Tuesday, October 20, 2009

It's time.

At the completion of my first day in New York City, I know I've made the right decision to move here. I love this place. I'm still nervous about the finer details such as the financial aspect and finding a place to live, but I'm so excited. The energy on a Tuesday-a Tuesday! I just love that every day of the week can be buzzing with life.

I'm enjoying the people watching and imagining where people come from or are going to. Once I'm back in Kansas City, I'll be able to truly reflect upon the week that I'm sure will be full of adventures, but for now, I'm going to rest up. My(well, almost) city awaits tomorrow.

Monday, October 19, 2009

The day after.

I have always had an empty feeling the day after a performance series ends. I always go through a form of withdrawal once I'm not on stage anymore. Today is no exception. Today's struggle makes me think about the withdrawal that will come after I'm on stage for the last time in May. I'm glad to be thinking about that now because I feel that if I prepare myself for the worst, then surely it couldn't be too bad, right?!? Either way, it's not fun to think about.
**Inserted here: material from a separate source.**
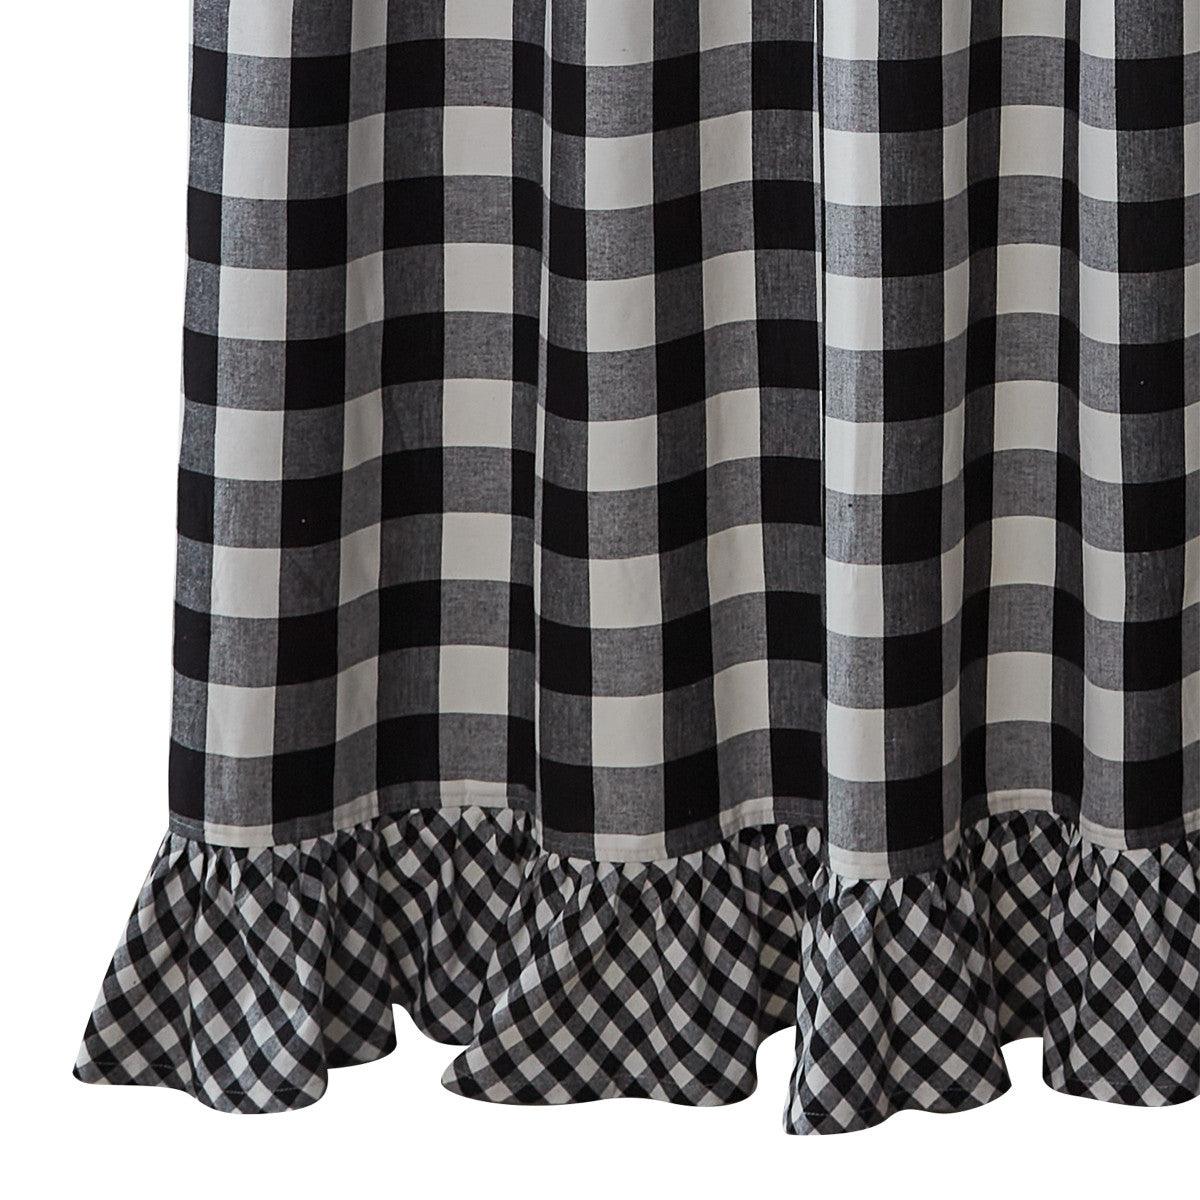 Wicklow Ruffled Shower Curtain - Black & Cream Park Designs - The Fox Decor
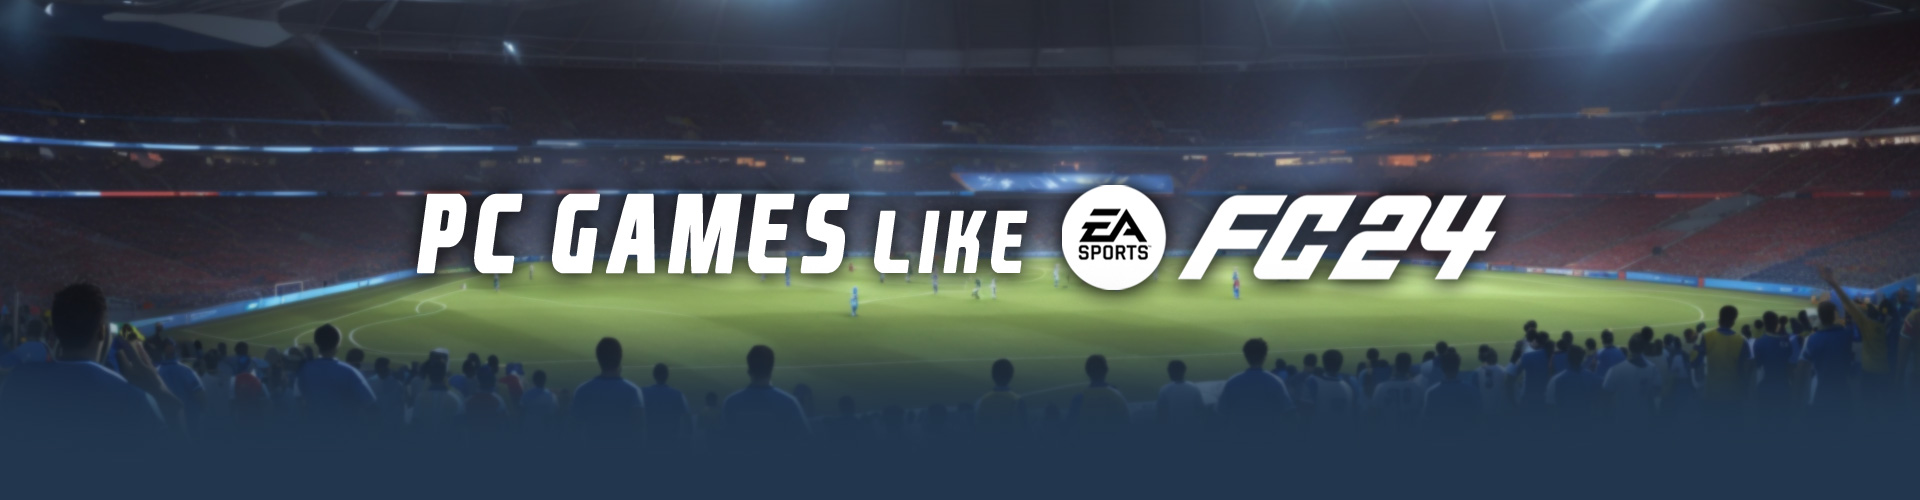 PC Games like EA Sports FC 24

I love being on stage. Yes, there are roles that I don't care for, but I love the stage. It's going to be hard to take that final bow with the ballet. Hopefully, I won't have to wait too terribly long before getting back under the lights after I "retire." We'll see.

For now, it's time to focus my energy this week on relaxing in New York and enjoying the people I'm with and the adventures I'm bound to have. I can't think of a more exciting place to live at this point in my life. I'm bursting with anticipation about my move, and this visit will be a great time to get myself motivated even further. Big Apple, here I come.

Sunday, October 18, 2009

One down, three more to go...

It's over. Boy, does that go fast. The performances were safe and successful. I was thrilled to be a part of them, and I did what I said I wanted to-I took everything in and enjoyed the shows as much as possible.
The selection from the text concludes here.